■ Problem description
Write out exactly the lines below that run from the one containing "Brown And White" through the one containing "Dell Latitude 3150", both included, with no other lines.

■ Information
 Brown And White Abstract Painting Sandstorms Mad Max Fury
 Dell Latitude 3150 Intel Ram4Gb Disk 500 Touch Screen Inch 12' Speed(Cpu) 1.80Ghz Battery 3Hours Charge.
* * *
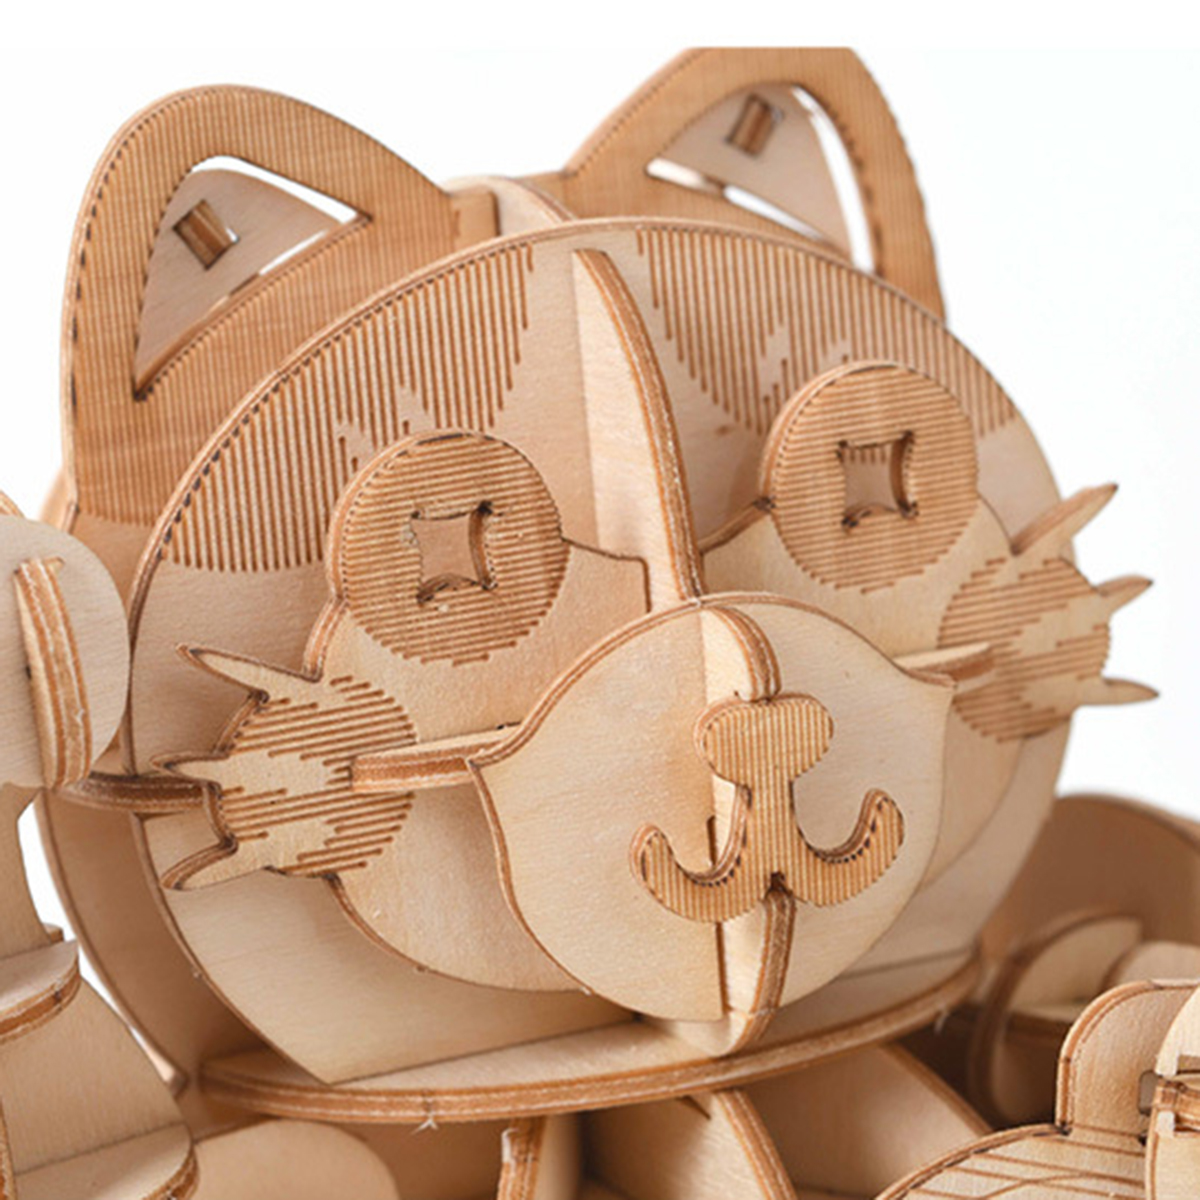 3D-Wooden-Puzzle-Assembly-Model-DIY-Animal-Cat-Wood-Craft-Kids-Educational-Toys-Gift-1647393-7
---
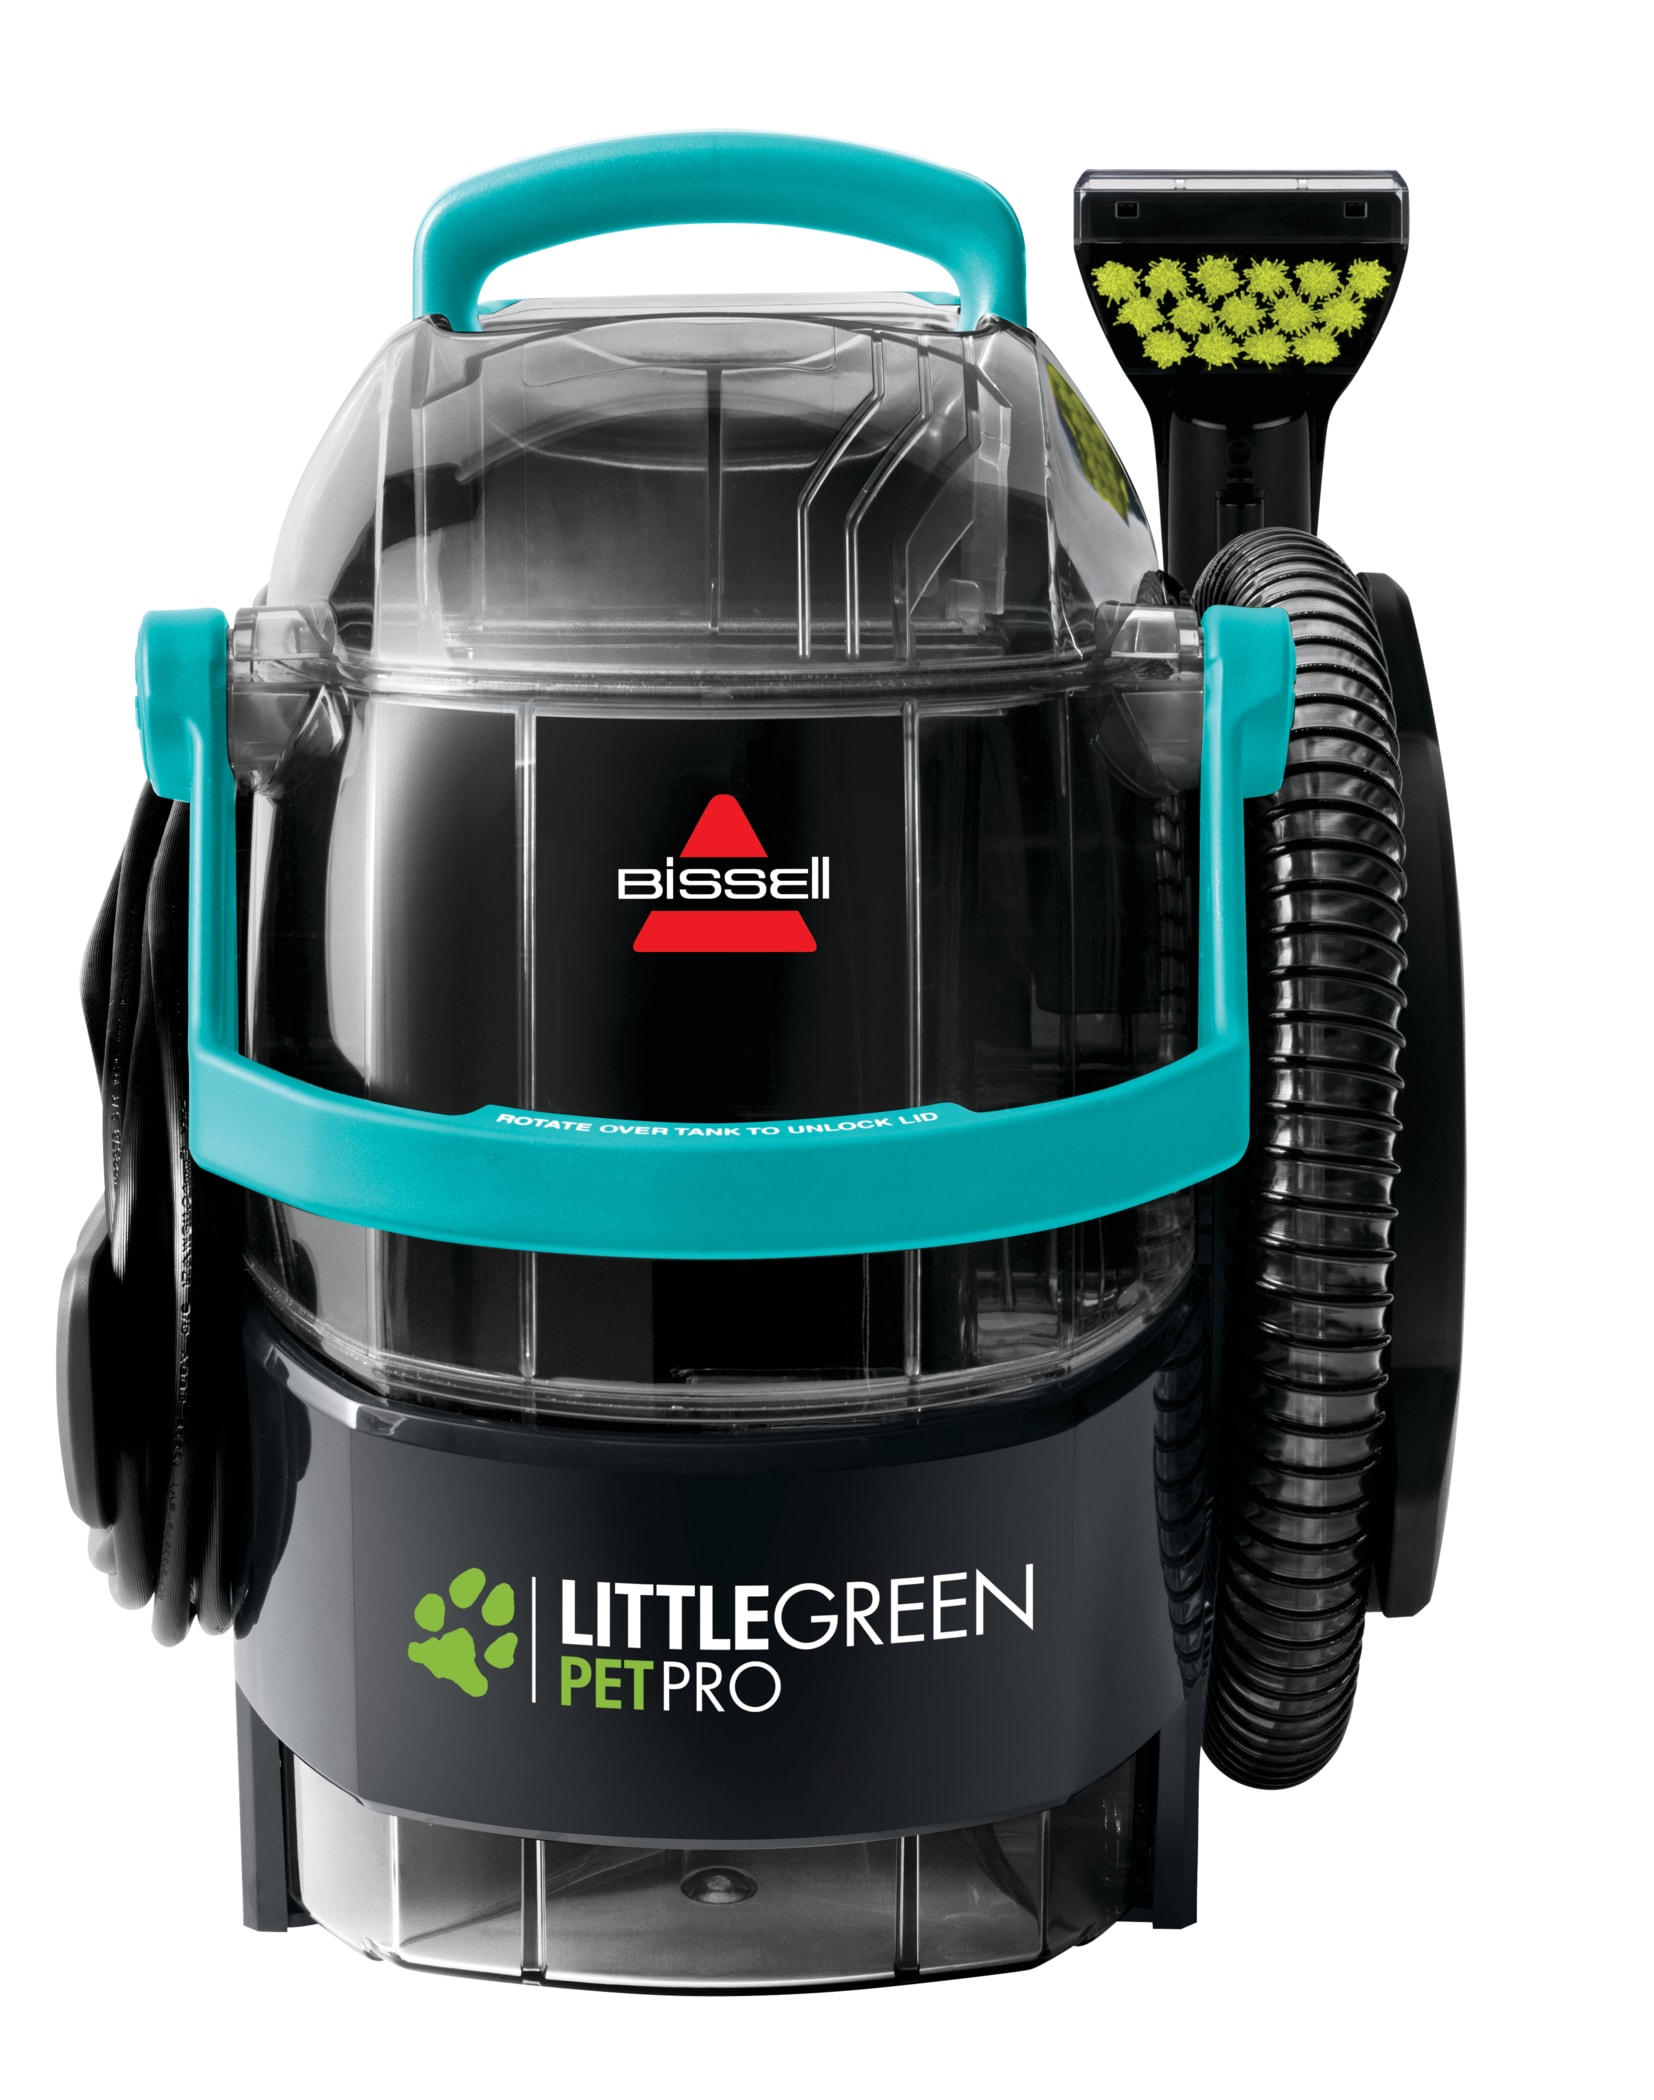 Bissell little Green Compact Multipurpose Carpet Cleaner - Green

■ Solved exercise
 Brown And White Abstract Painting Sandstorms Mad Max Fury
 Dell Latitude 3150 Intel Ram4Gb Disk 500 Touch Screen Inch 12' Speed(Cpu) 1.80Ghz Battery 3Hours Charge.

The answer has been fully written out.